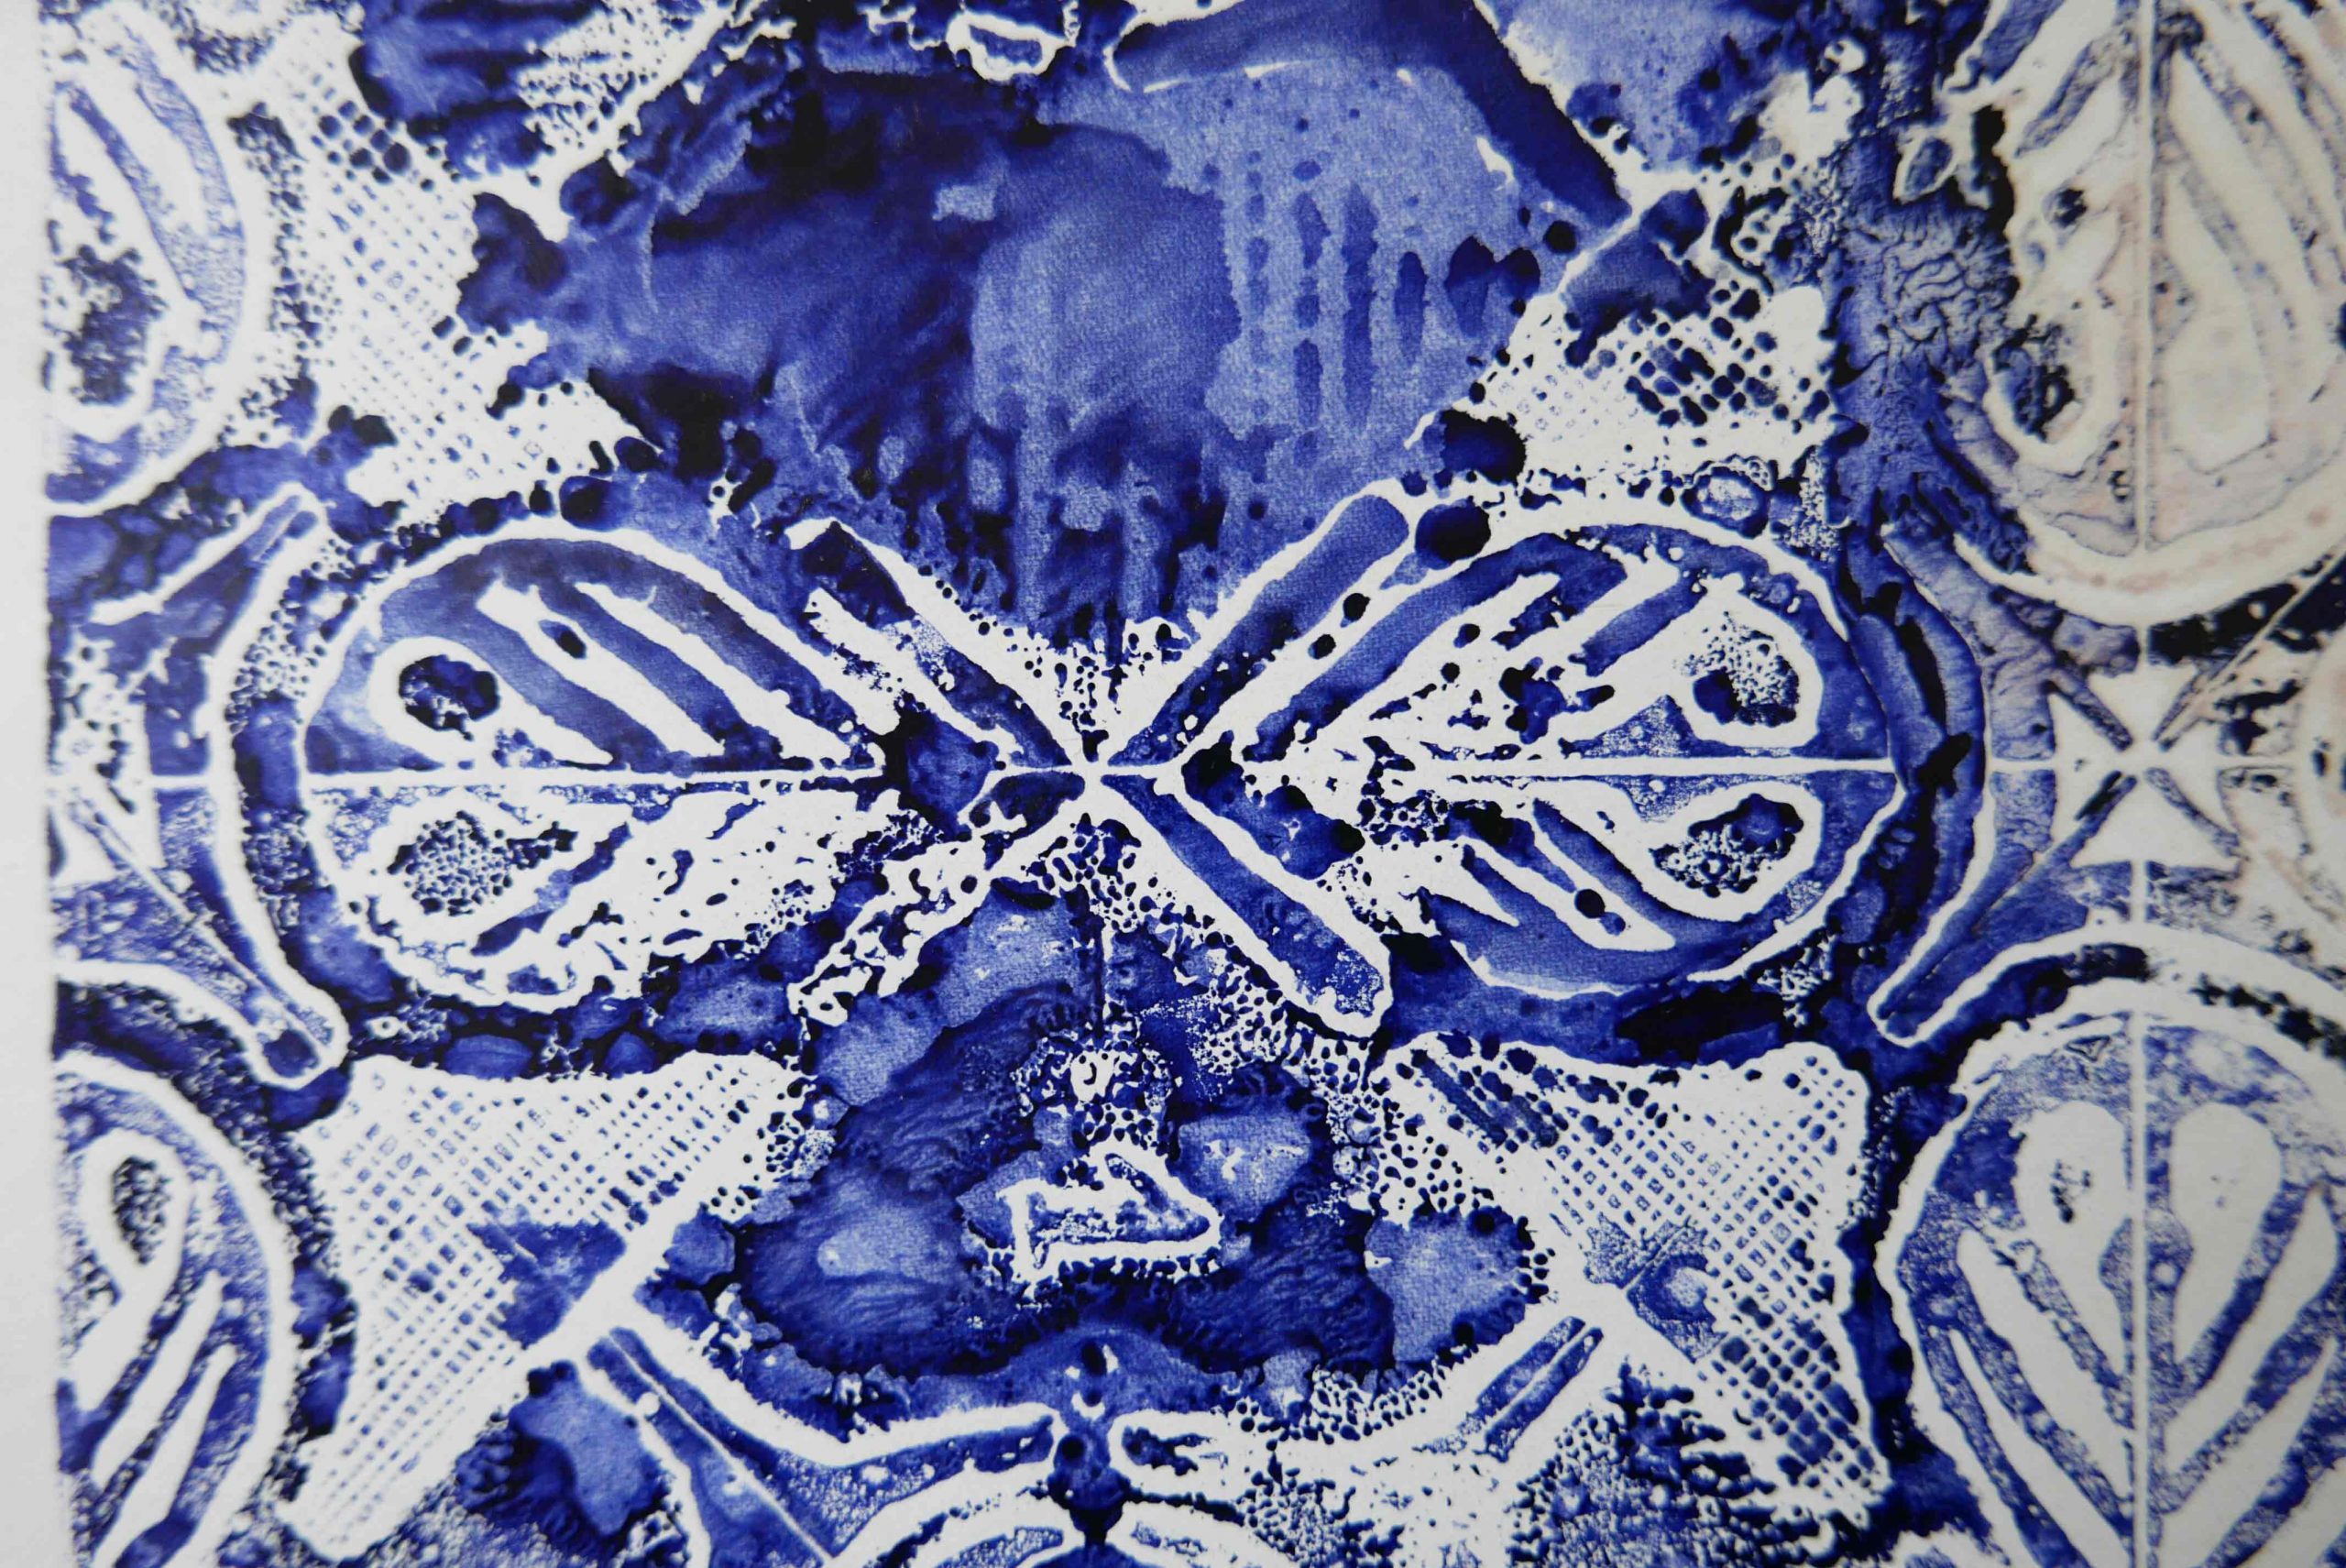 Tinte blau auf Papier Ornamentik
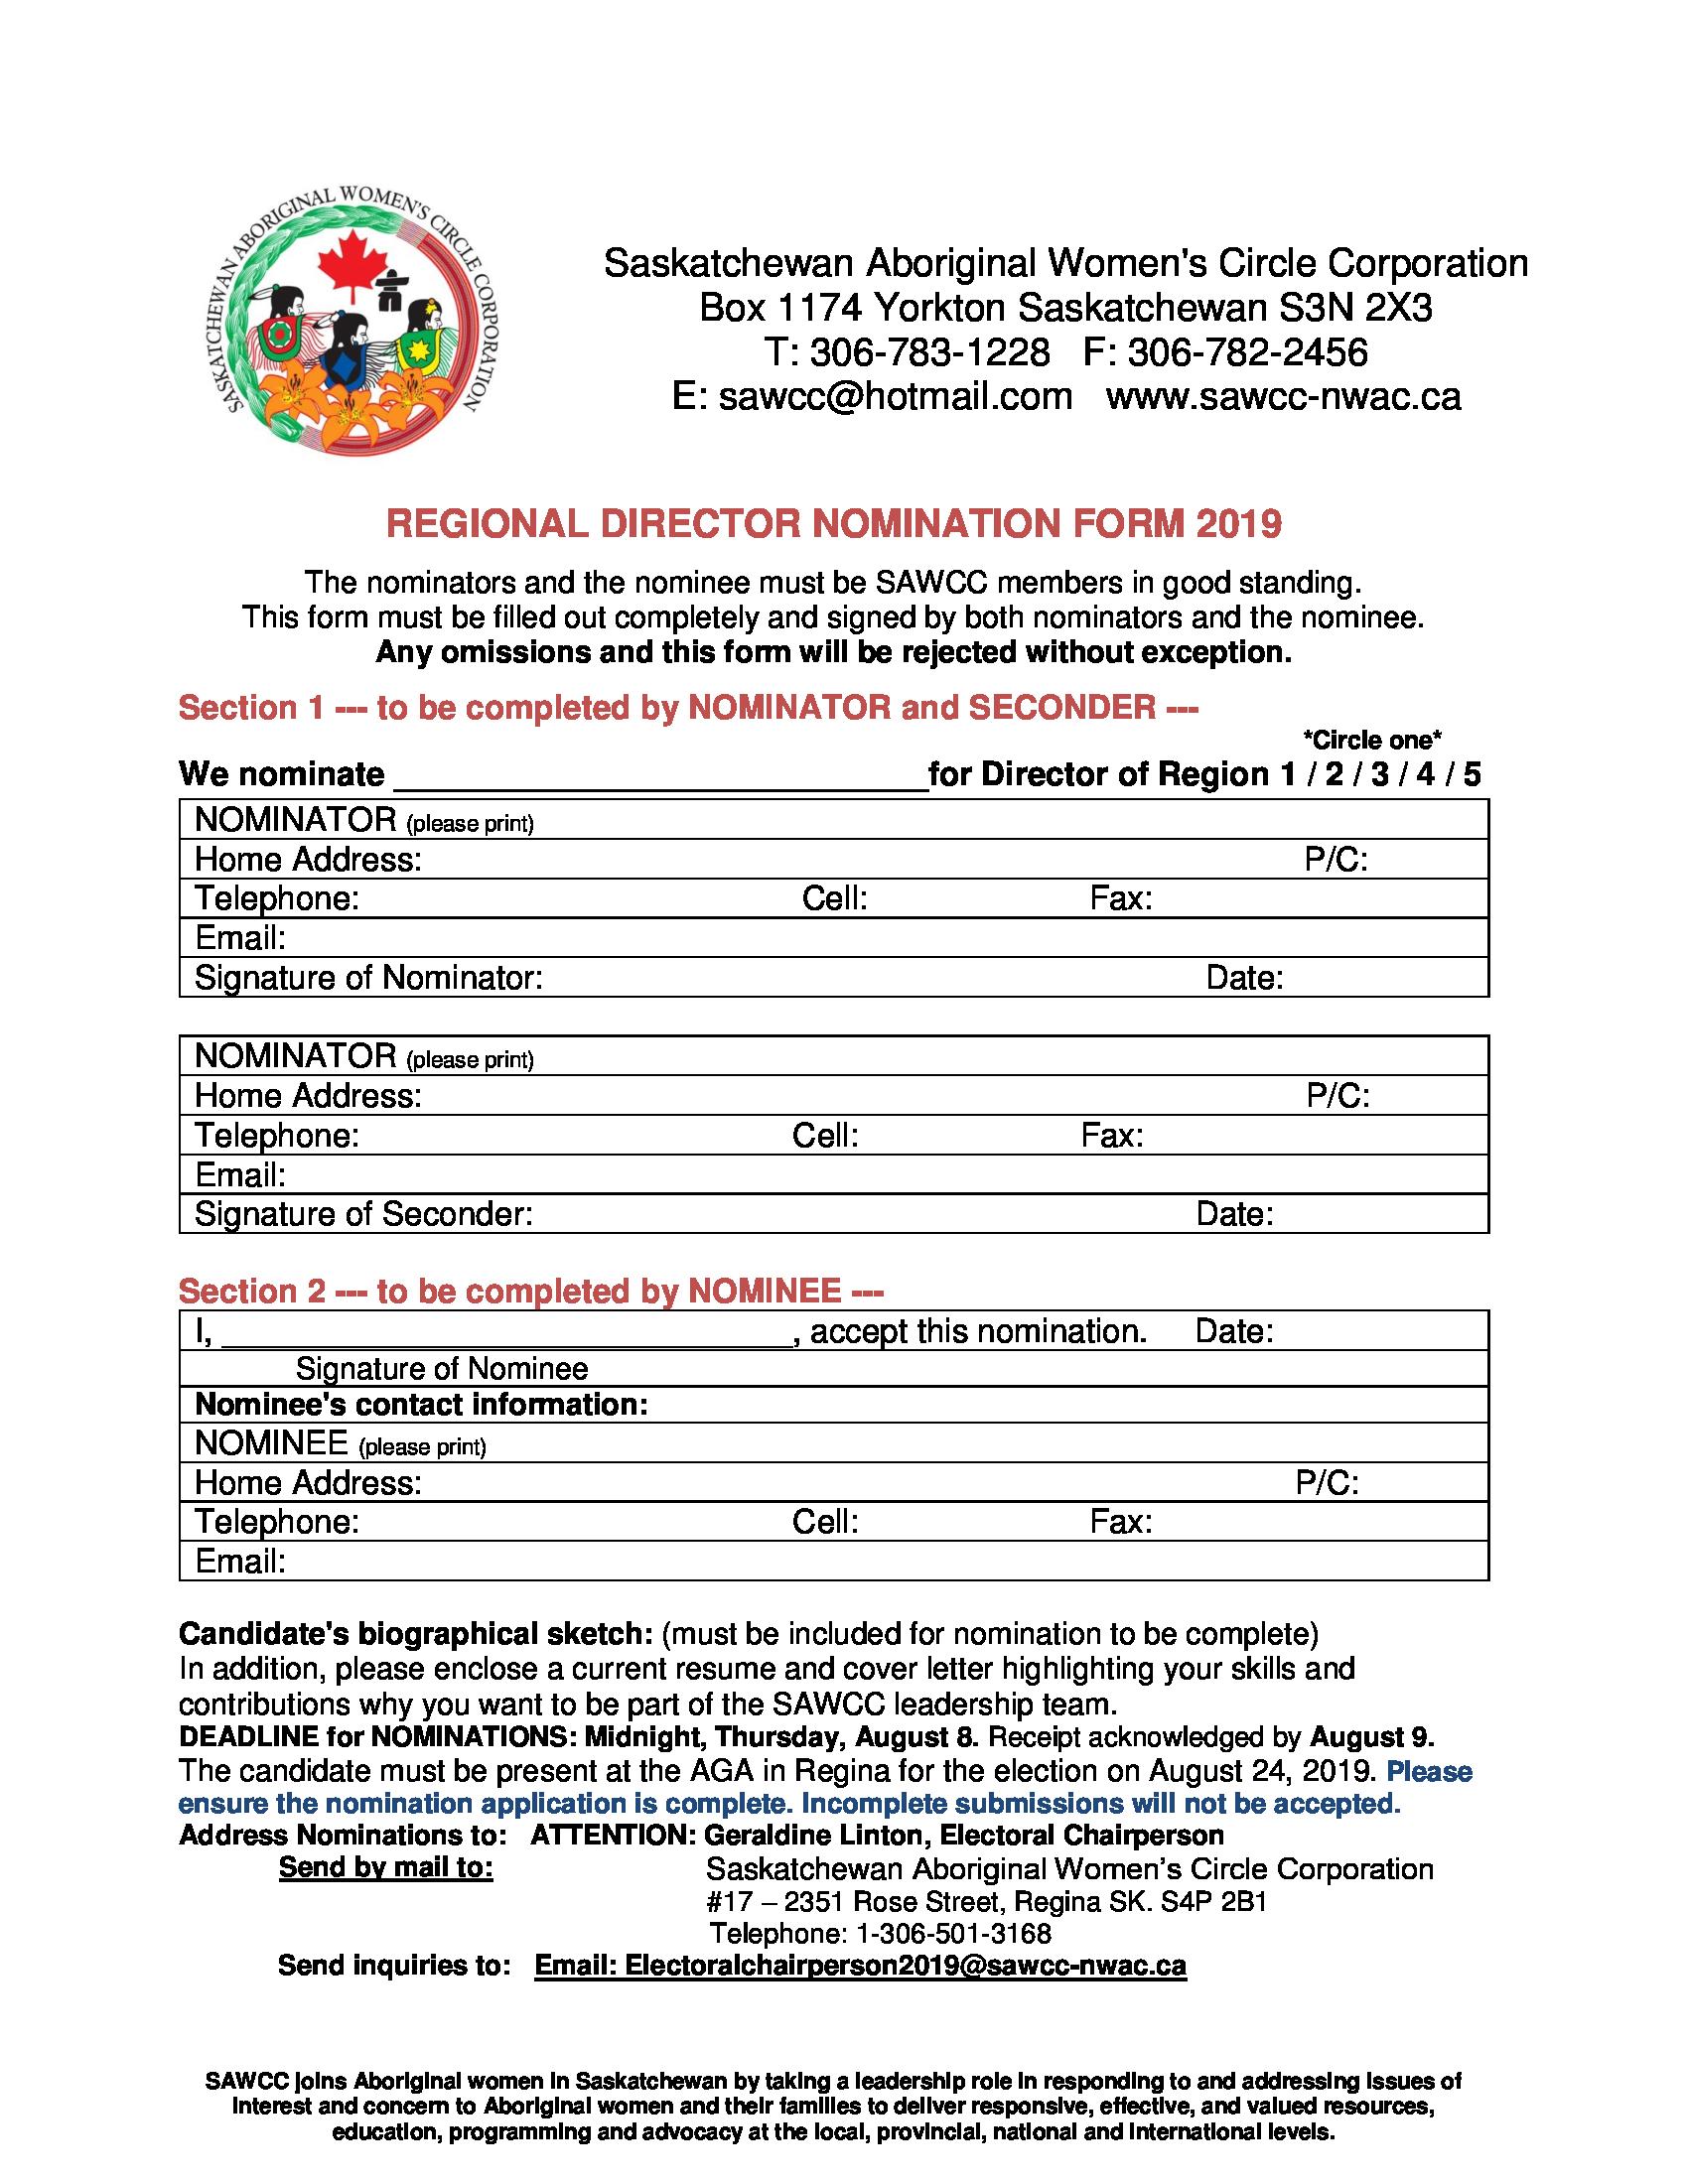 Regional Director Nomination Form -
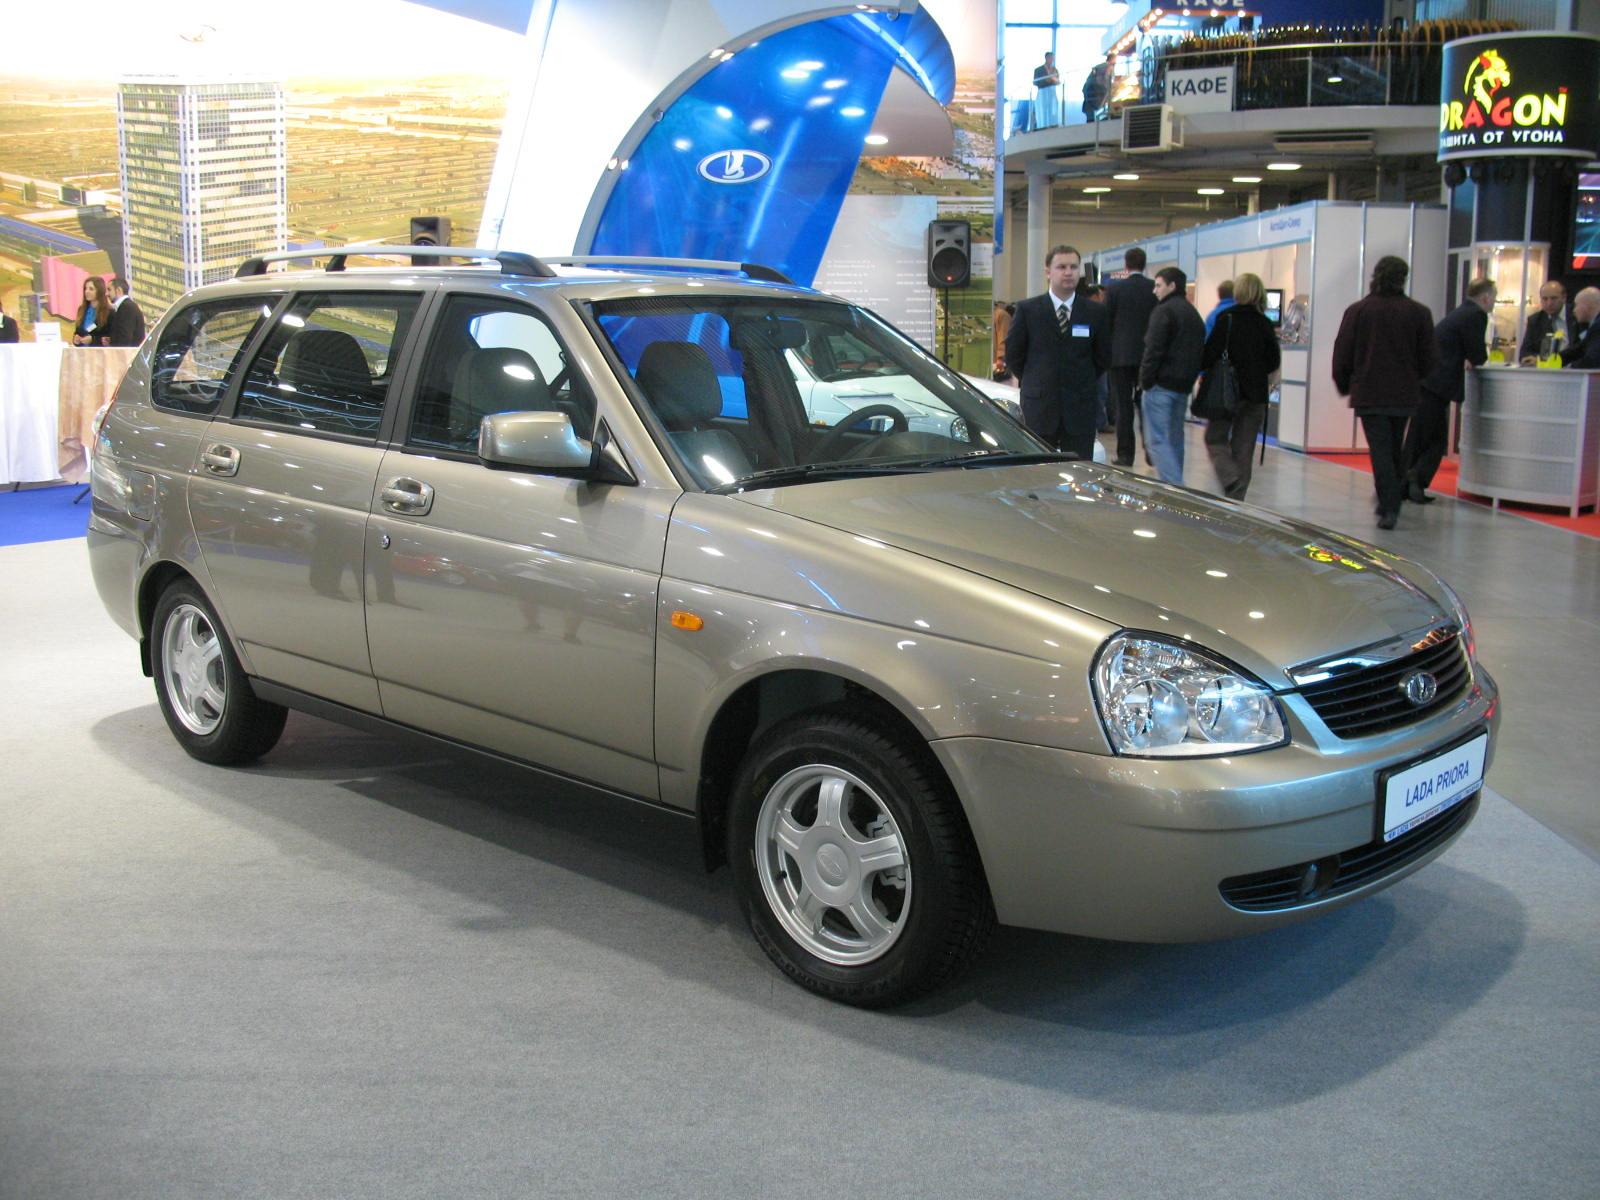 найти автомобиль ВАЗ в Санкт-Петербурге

Task to complete: For your answer, write out the data exactly and drop every picture.

Finished exercise:
 Tinte blau auf Papier Ornamentik
 Regional Director Nomination Form -
 найти автомобиль ВАЗ в Санкт-Петербурге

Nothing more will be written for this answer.